--- WORK TO BE COMPLETED ---
Where the listing shows an image, skip it and output all other material unchanged.

--- DATA SHOWN ---
⟨

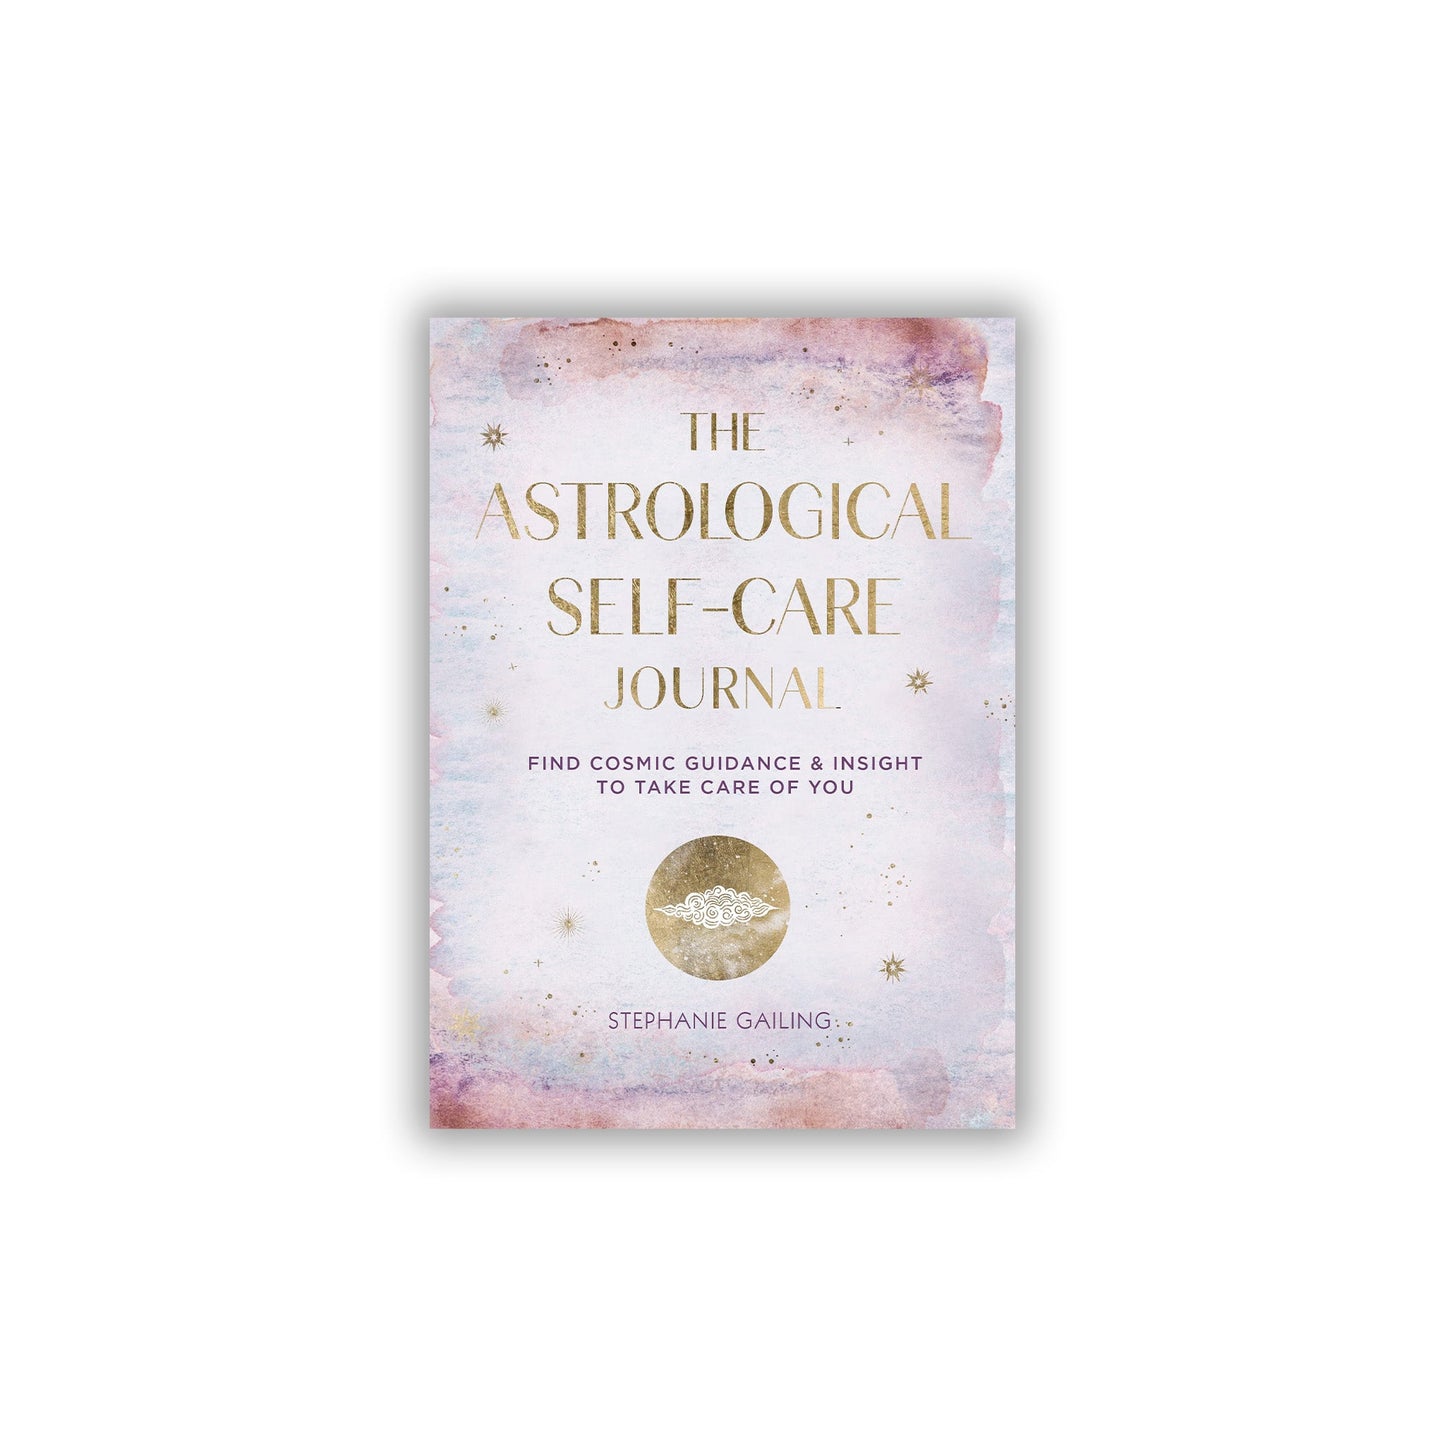 The Astrological Self-Care Journal: Find Cosmic Guidance & Insight to Take Care of You - Muse + Moonstone
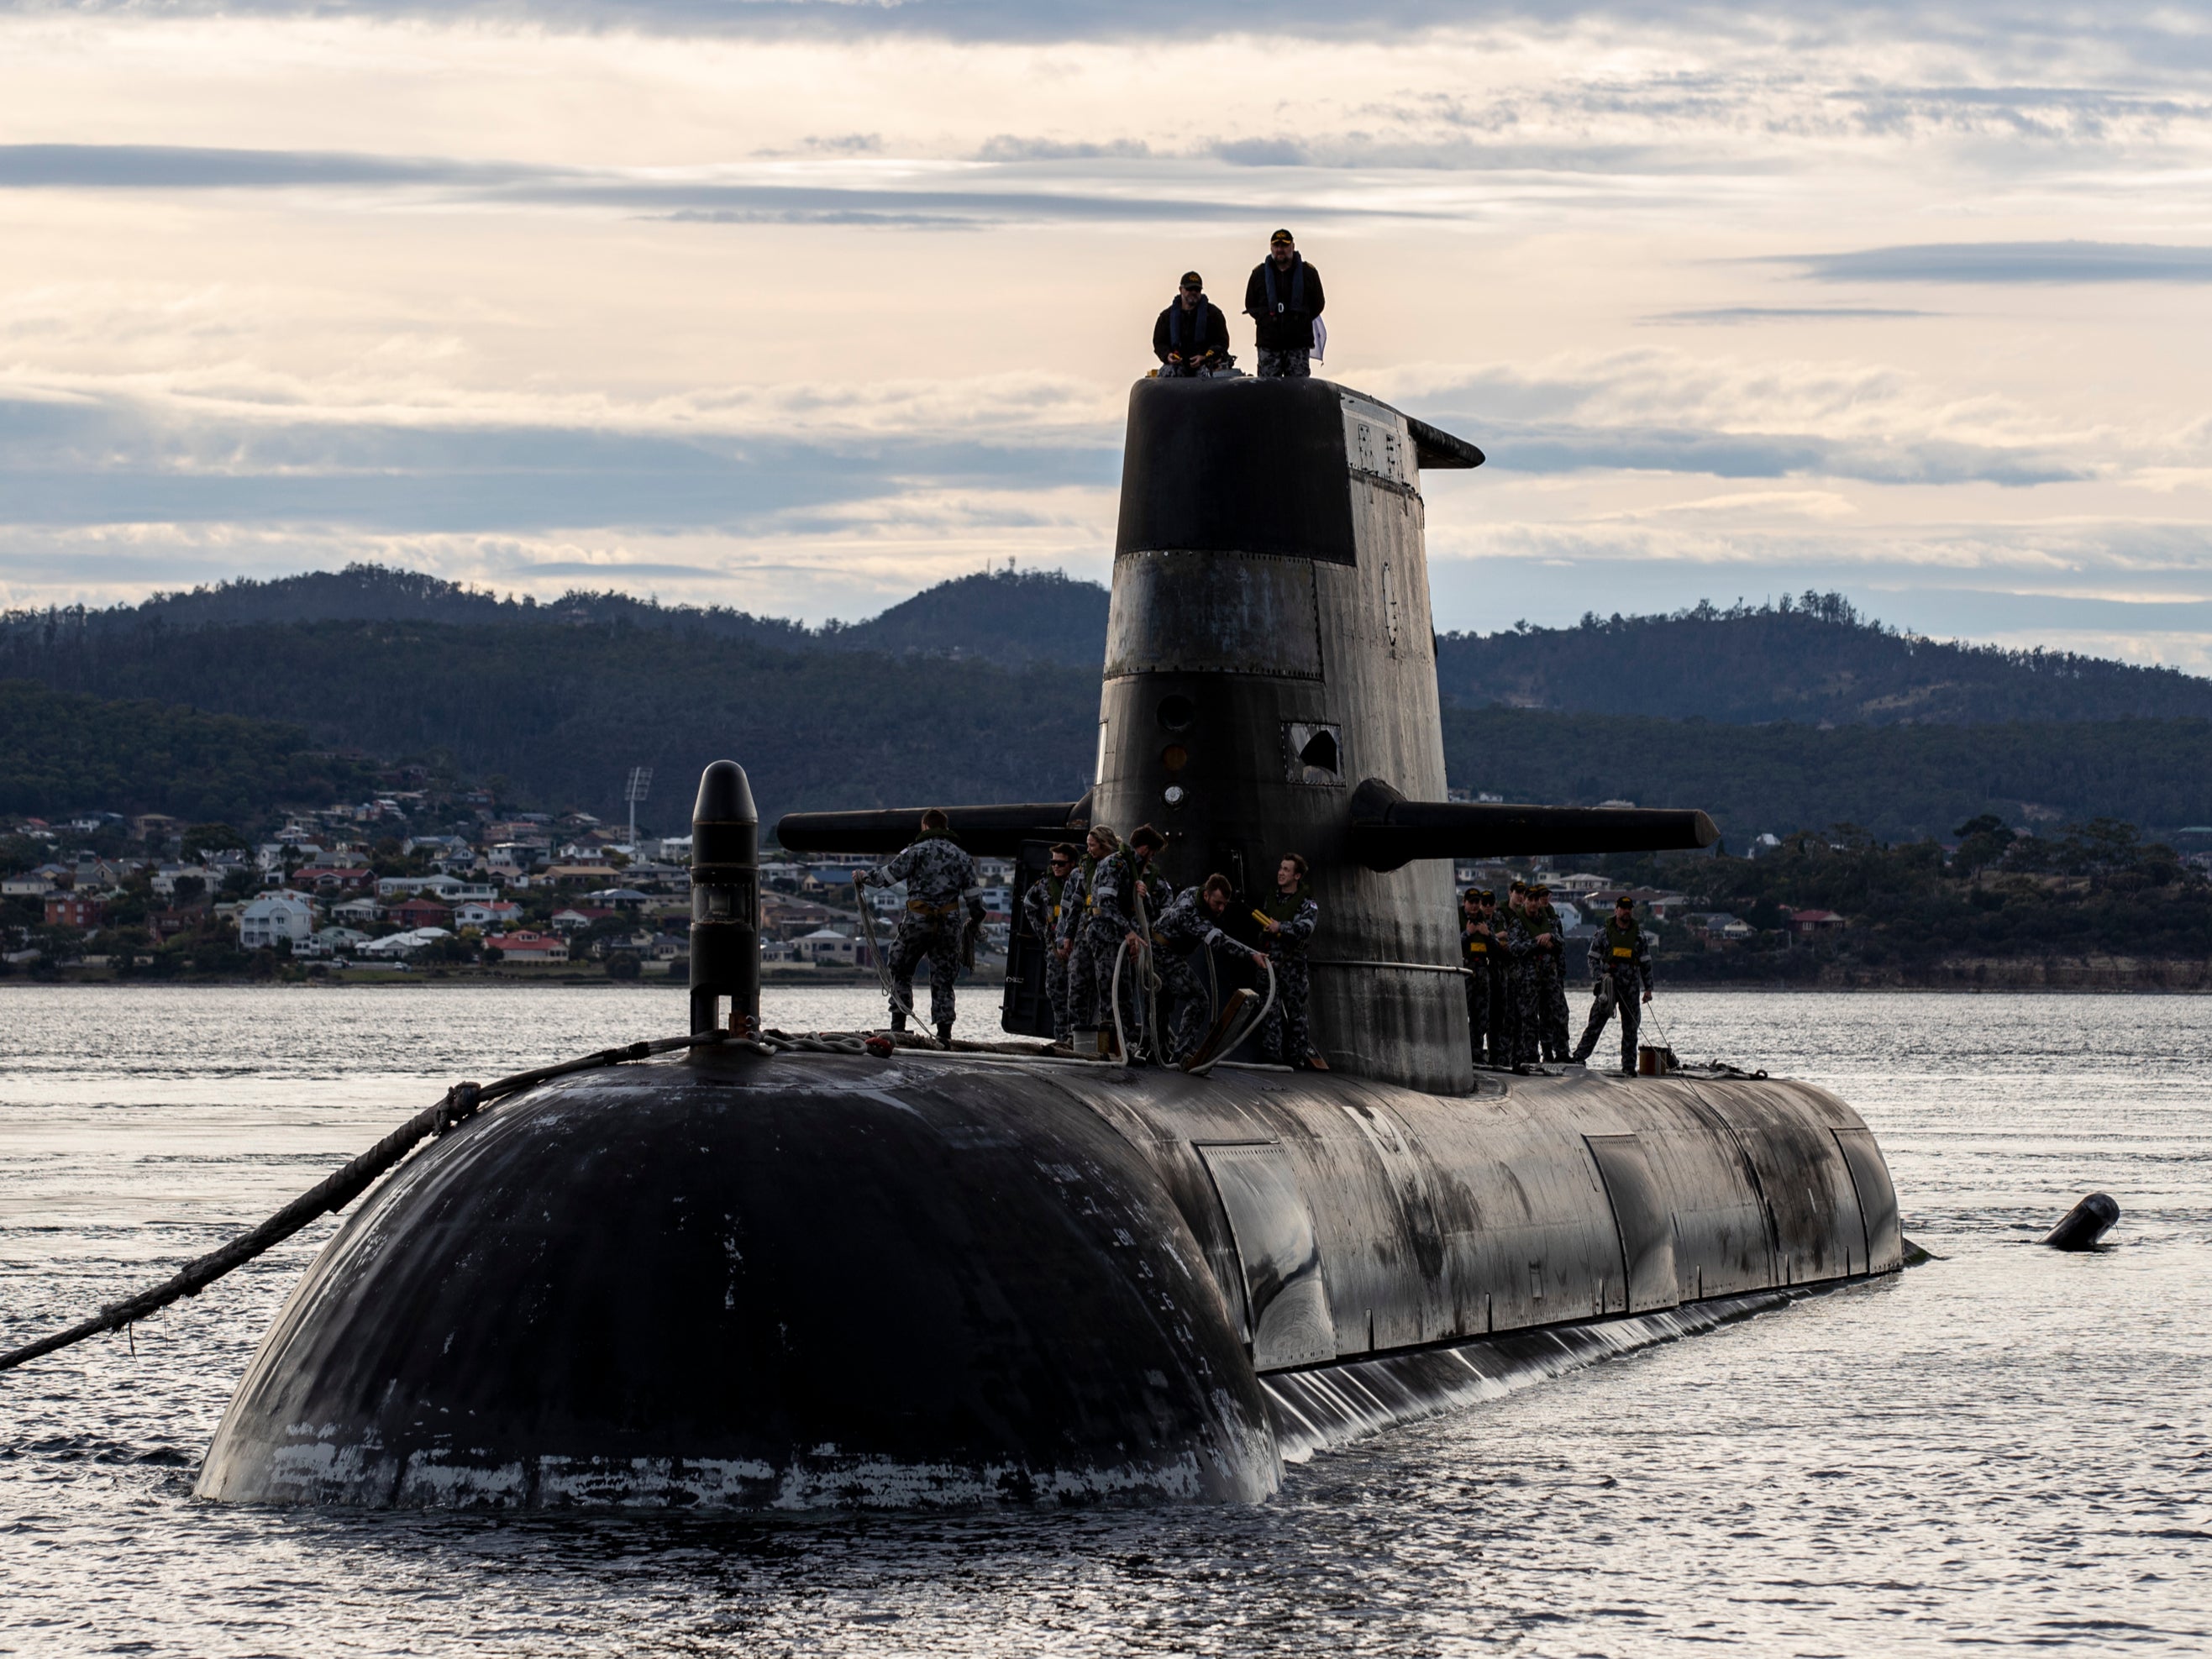 The Aukus deal between the US and UK to supply nuclear submarines to Australia was announced seemingly out of the blue last month
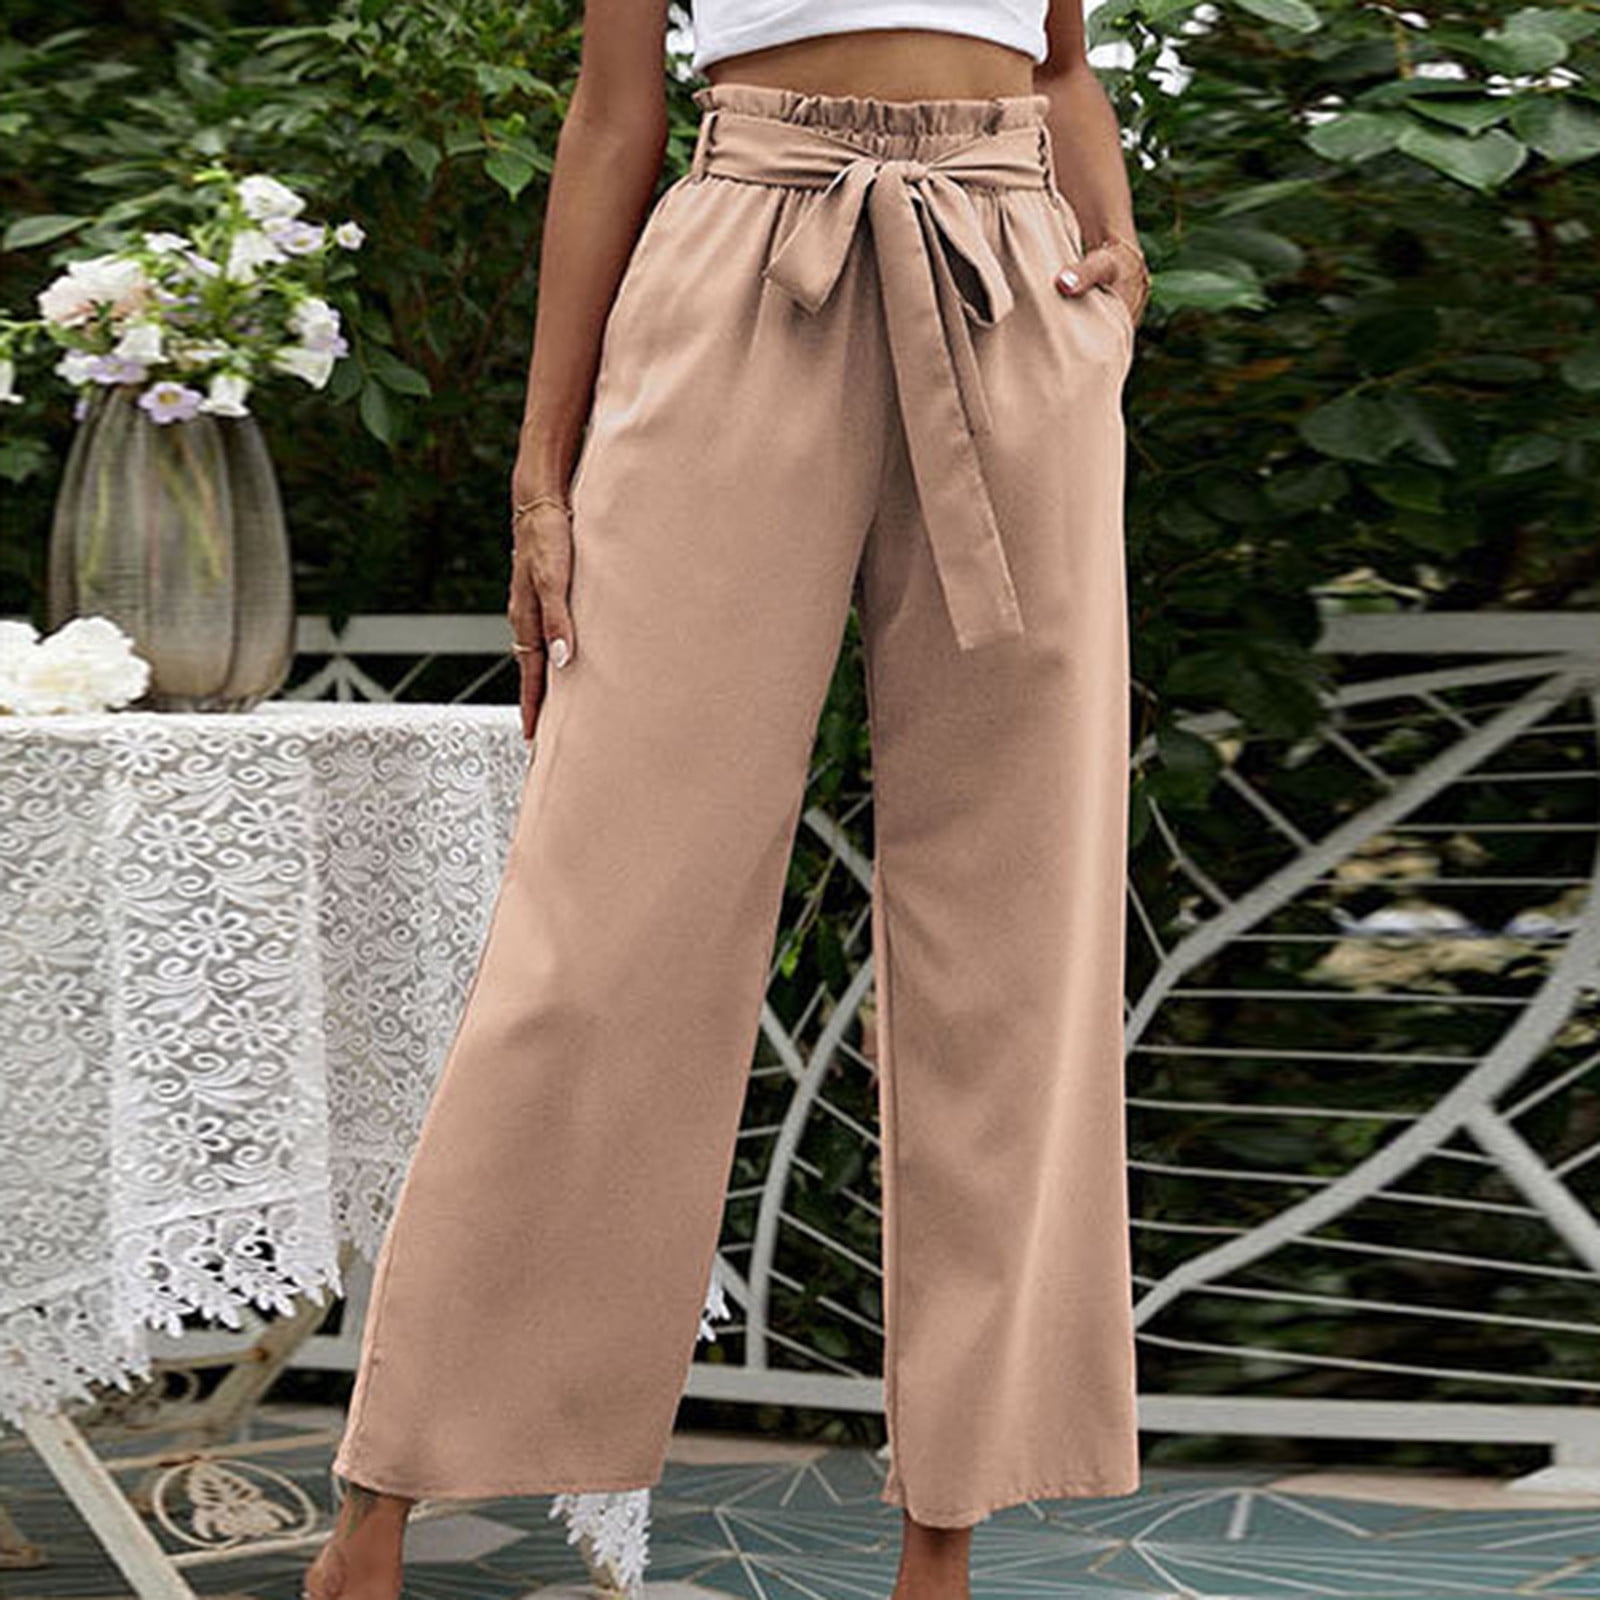 Loose pants for women: Revamp Your Wardrobe with Comfortable缩略图

⟩

--- THE ANSWER ---
 The Astrological Self-Care Journal: Find Cosmic Guidance & Insight to Take Care of You - Muse + Moonstone
 The Aukus deal between the US and UK to supply nuclear submarines to Australia was announced seemingly out of the blue last month
 Loose pants for women: Revamp Your Wardrobe with Comfortable缩略图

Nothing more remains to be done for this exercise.